GIVEN INFORMATION:
/---

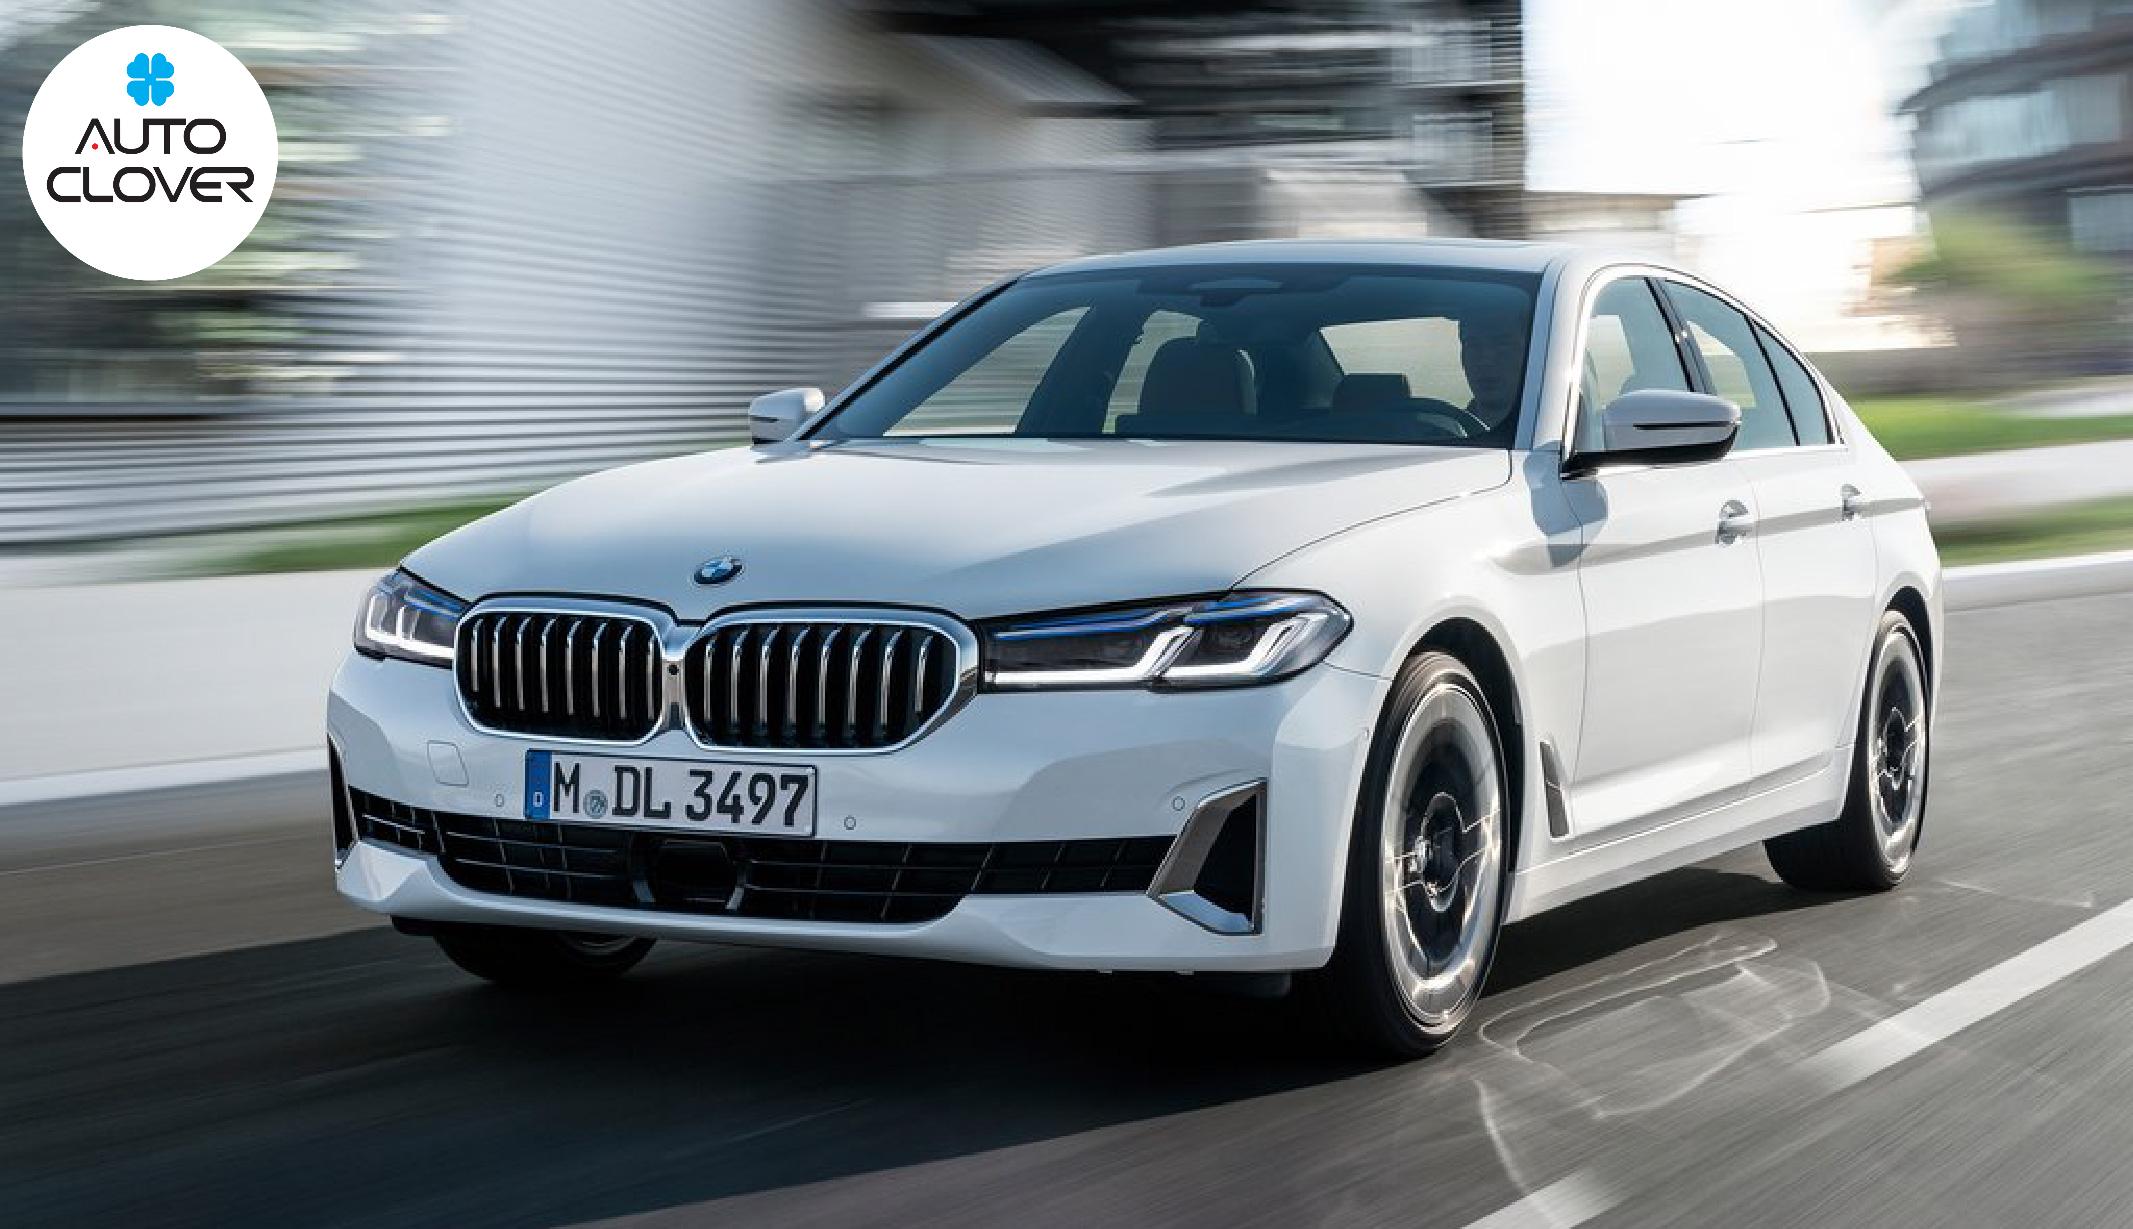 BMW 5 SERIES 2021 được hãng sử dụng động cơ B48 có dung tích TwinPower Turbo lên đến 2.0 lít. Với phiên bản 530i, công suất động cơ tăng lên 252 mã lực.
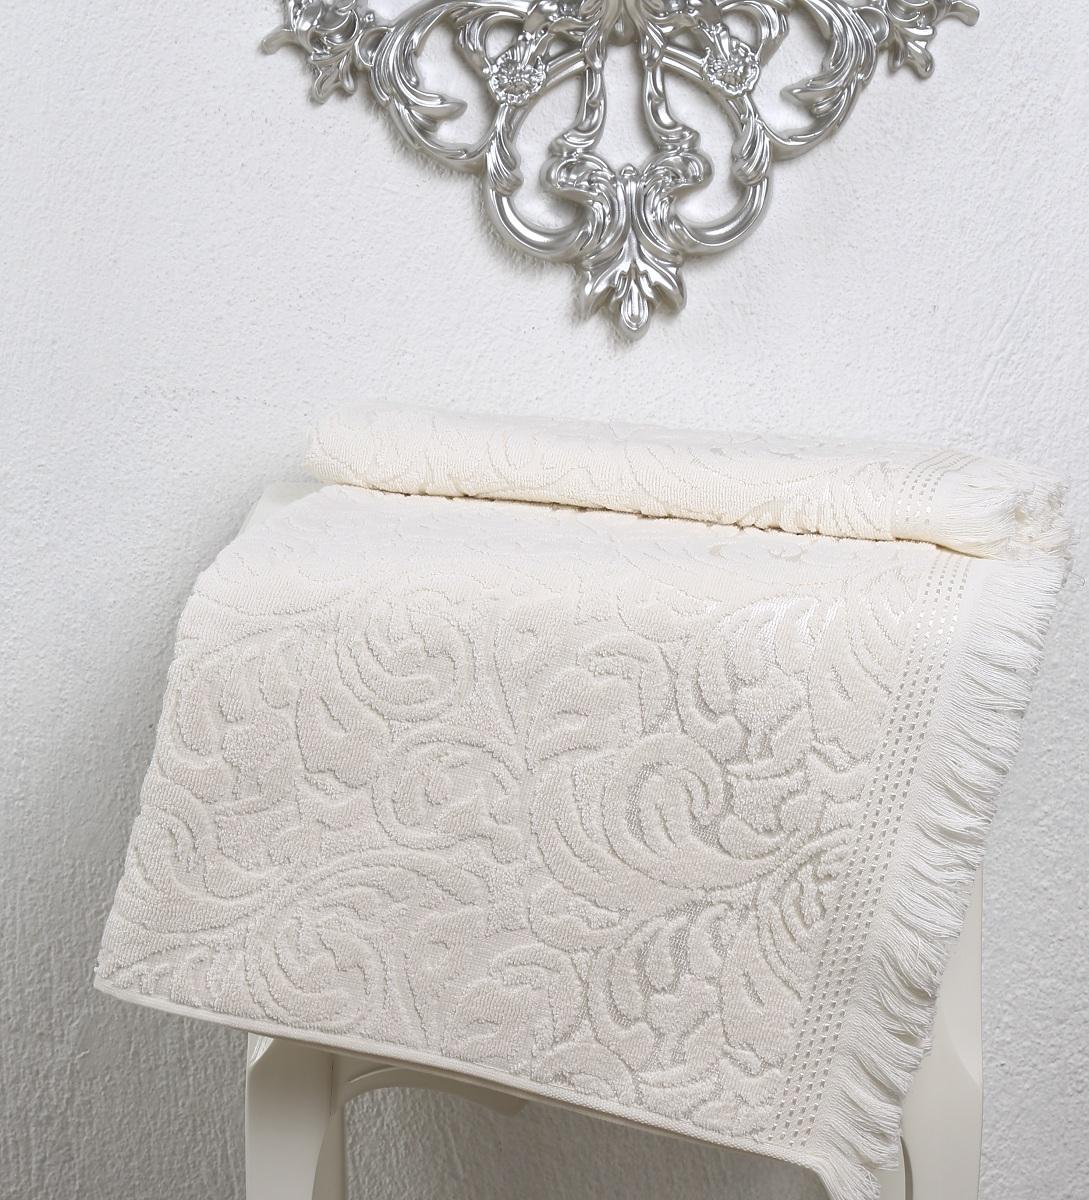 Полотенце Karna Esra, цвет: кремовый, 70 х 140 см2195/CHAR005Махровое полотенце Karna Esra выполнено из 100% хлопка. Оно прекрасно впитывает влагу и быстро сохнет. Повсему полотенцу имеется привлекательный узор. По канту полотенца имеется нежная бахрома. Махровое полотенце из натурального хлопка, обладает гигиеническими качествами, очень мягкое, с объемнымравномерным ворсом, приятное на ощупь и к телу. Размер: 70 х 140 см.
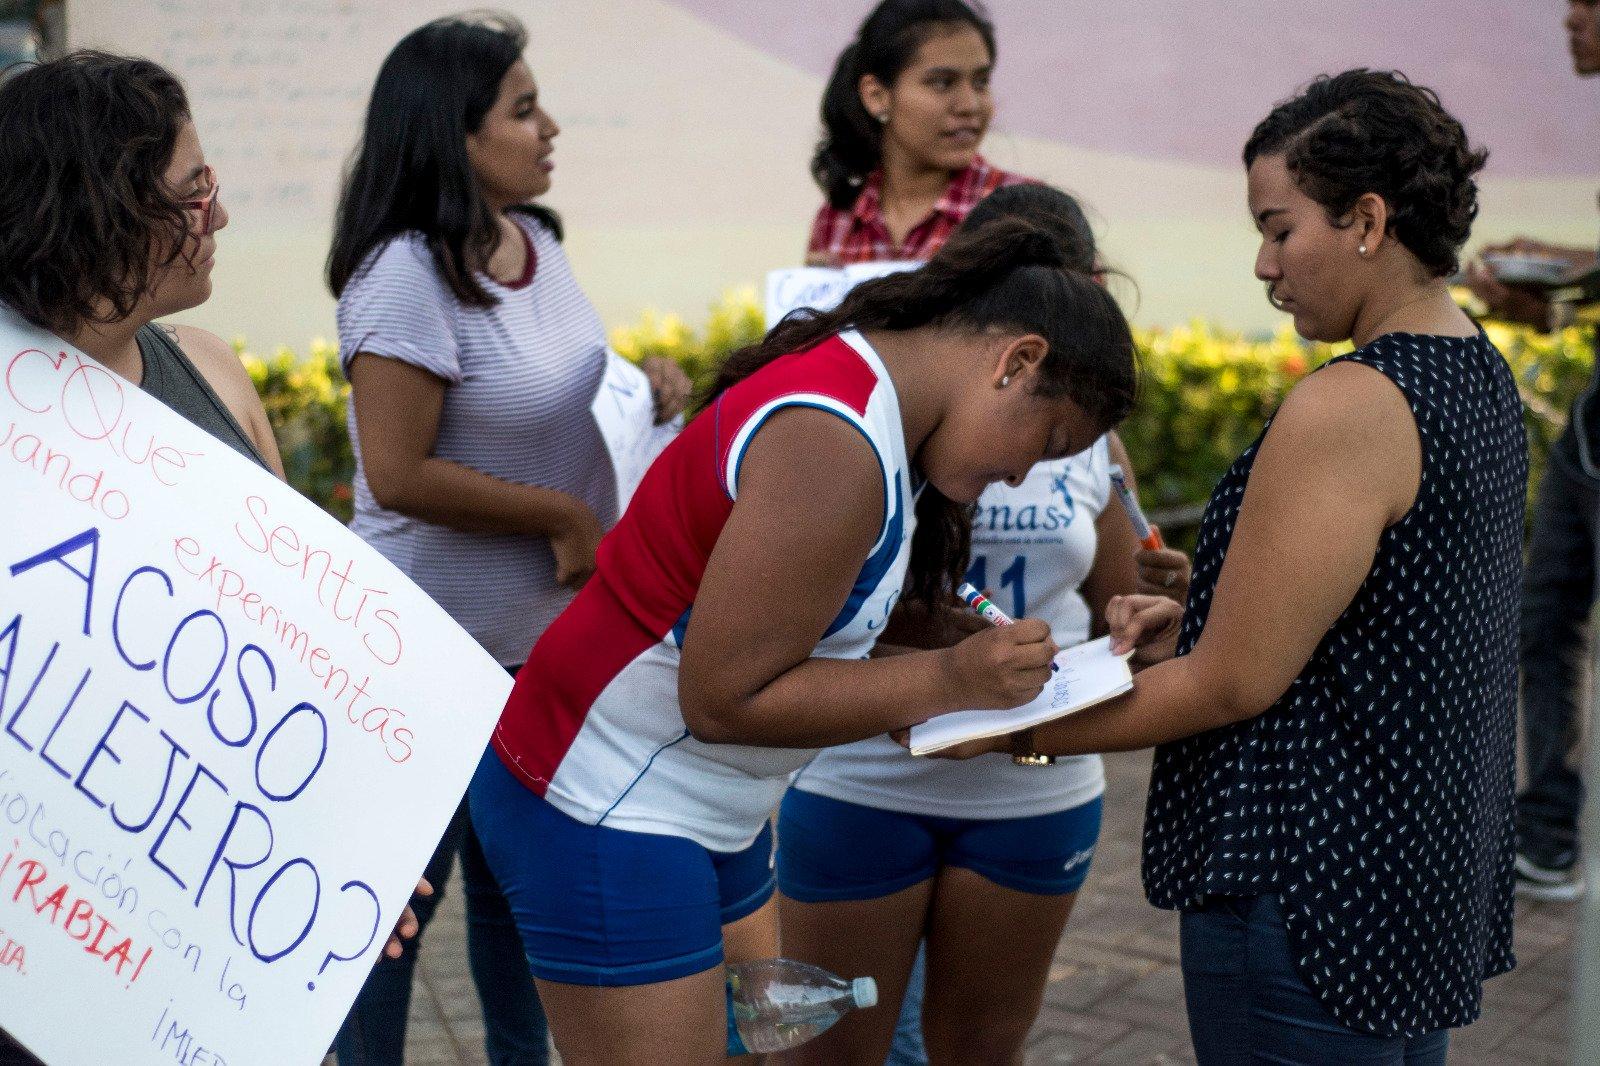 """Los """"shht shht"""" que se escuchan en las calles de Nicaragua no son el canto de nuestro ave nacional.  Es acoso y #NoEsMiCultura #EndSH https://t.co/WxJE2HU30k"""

\---

BRIEF: Only the pictures are to be left out; restate everything else in the listing word for word.

EXERCISE RESPONSE:
 BMW 5 SERIES 2021 được hãng sử dụng động cơ B48 có dung tích TwinPower Turbo lên đến 2.0 lít. Với phiên bản 530i, công suất động cơ tăng lên 252 mã lực.
 Полотенце Karna Esra, цвет: кремовый, 70 х 140 см2195/CHAR005Махровое полотенце Karna Esra выполнено из 100% хлопка. Оно прекрасно впитывает влагу и быстро сохнет. Повсему полотенцу имеется привлекательный узор. По канту полотенца имеется нежная бахрома. Махровое полотенце из натурального хлопка, обладает гигиеническими качествами, очень мягкое, с объемнымравномерным ворсом, приятное на ощупь и к телу. Размер: 70 х 140 см.
 """Los """"shht shht"""" que se escuchan en las calles de Nicaragua no son el canto de nuestro ave nacional.  Es acoso y #NoEsMiCultura #EndSH https://t.co/WxJE2HU30k"""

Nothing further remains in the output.